Clusterfun - a plotting library to inspect data

Project description

example workflow

Clusterfun

Clusterfun is a python plotting library to explore image data. Play around with a live demo on https://clusterfun.app.

Getting started

Clusterfun can be installed with pip:

pip install clusterfun

Clusterfun requires Python 3.8 or higher.

Plots accept data in the form of a pandas DataFrame, which will be installed automatically if not already present. No account, payment, or internet connection is required to use clusterfun. Clusterfun is open source and free to use.

A simple example

import pandas as pd
import clusterfun as clt

df = pd.read_csv("https://raw.githubusercontent.com/gietema/clusterfun-data/main/wiki-art.csv")
clt.scatter(df, x="x", y="y", media="img_path", color="painter")

Example plot Data can be hosted locally or on AWS S3.

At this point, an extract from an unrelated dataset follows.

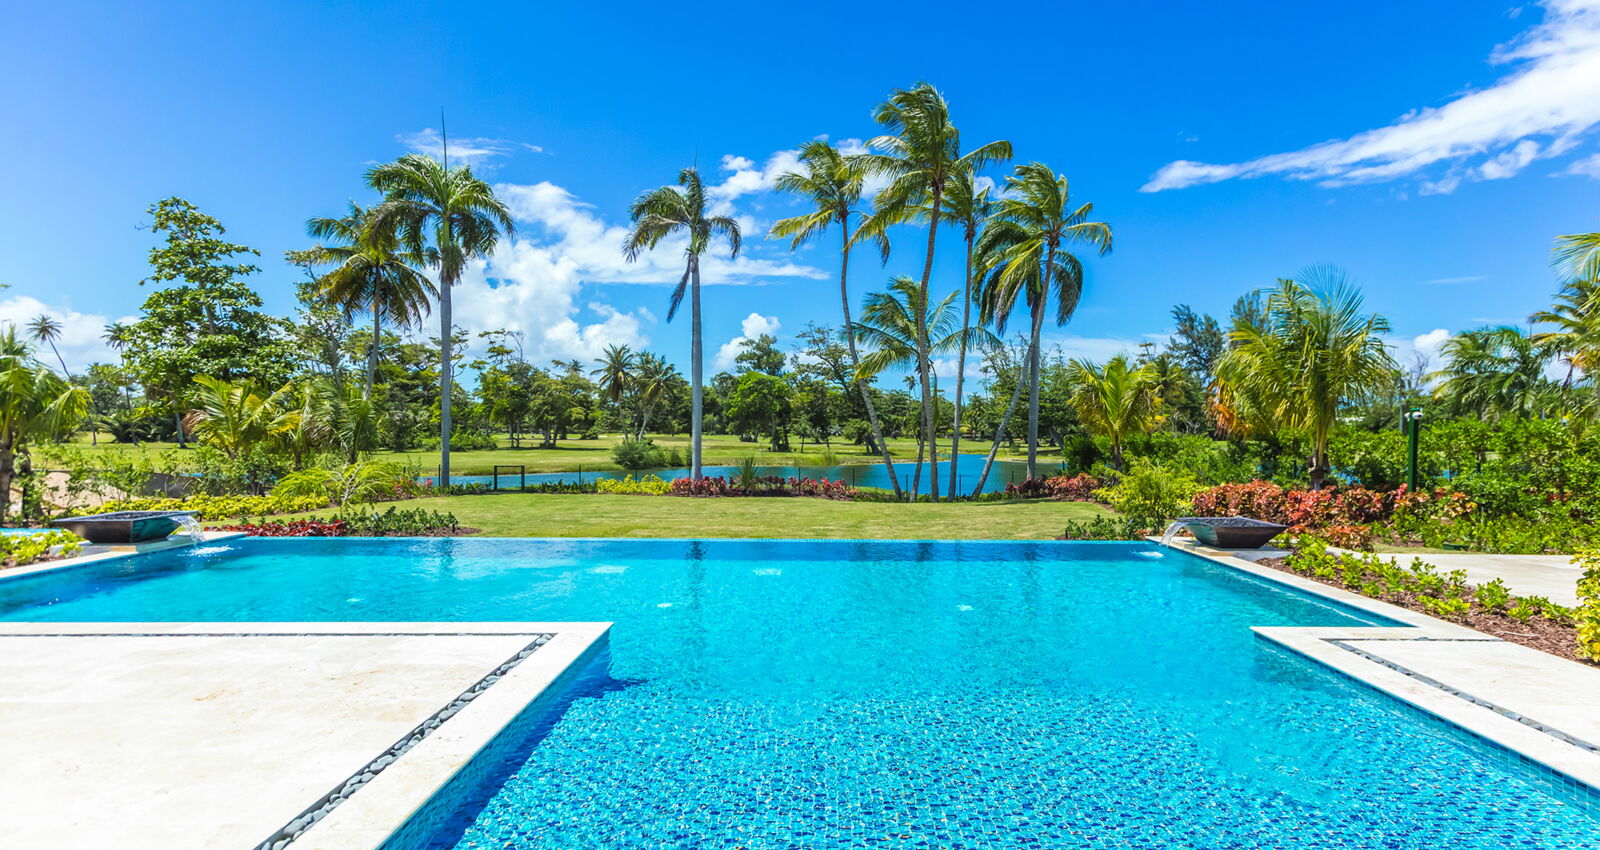 Ritz-Carlton Reserve East Beach Residence estate pool overlooking waterfront and golf course

As you can see, a clusterfun plot takes as input a pandas dataframe and column names indicating which columns to use for the visualisation. In this way, it is similar to the seaborn or the plotly library. But in clusterfun, you can:

  • Click and drag to select data to visualise it in a grid
  • Hover over data points to see them on the right side of the page
  • Click on data points to view zoomed in versions of the image related to the data point

This makes clusterfun ideal for quickly visualising image data, which can be useful in the context of building datasets, exploring edge cases and debugging model performance.

Main features

Default parameters

The default parameters for the plot types are as follows:

  • df: pd.DataFrame (required)

    The dataframe used for the data to plot. Most other parameters are column names in this dataframe (e.g. media, color, etc.).

  • media: str (required)

    The column name of the media to display in the plot. See data loading for more information about the type of media that can be displayed.

  • show: bool = True

    Whether to show the plot or not. If show is set to True, clusterfun will start a local server to display the plot in a web browser. More specifically, we start a FastAPI server where we mount the webpage as a static file. The application itself does not require an internet connection. All data is loaded locally and does not leave your machine/browser. If show is set to False, clusterfun only saves the required data to serve the plot later on and return the path to where the data is stored. If you want to serve the plot yourself later on, you can run clusterfun {path - to - data}|{uuid} in the command line to start a local server for the plot you are interested in.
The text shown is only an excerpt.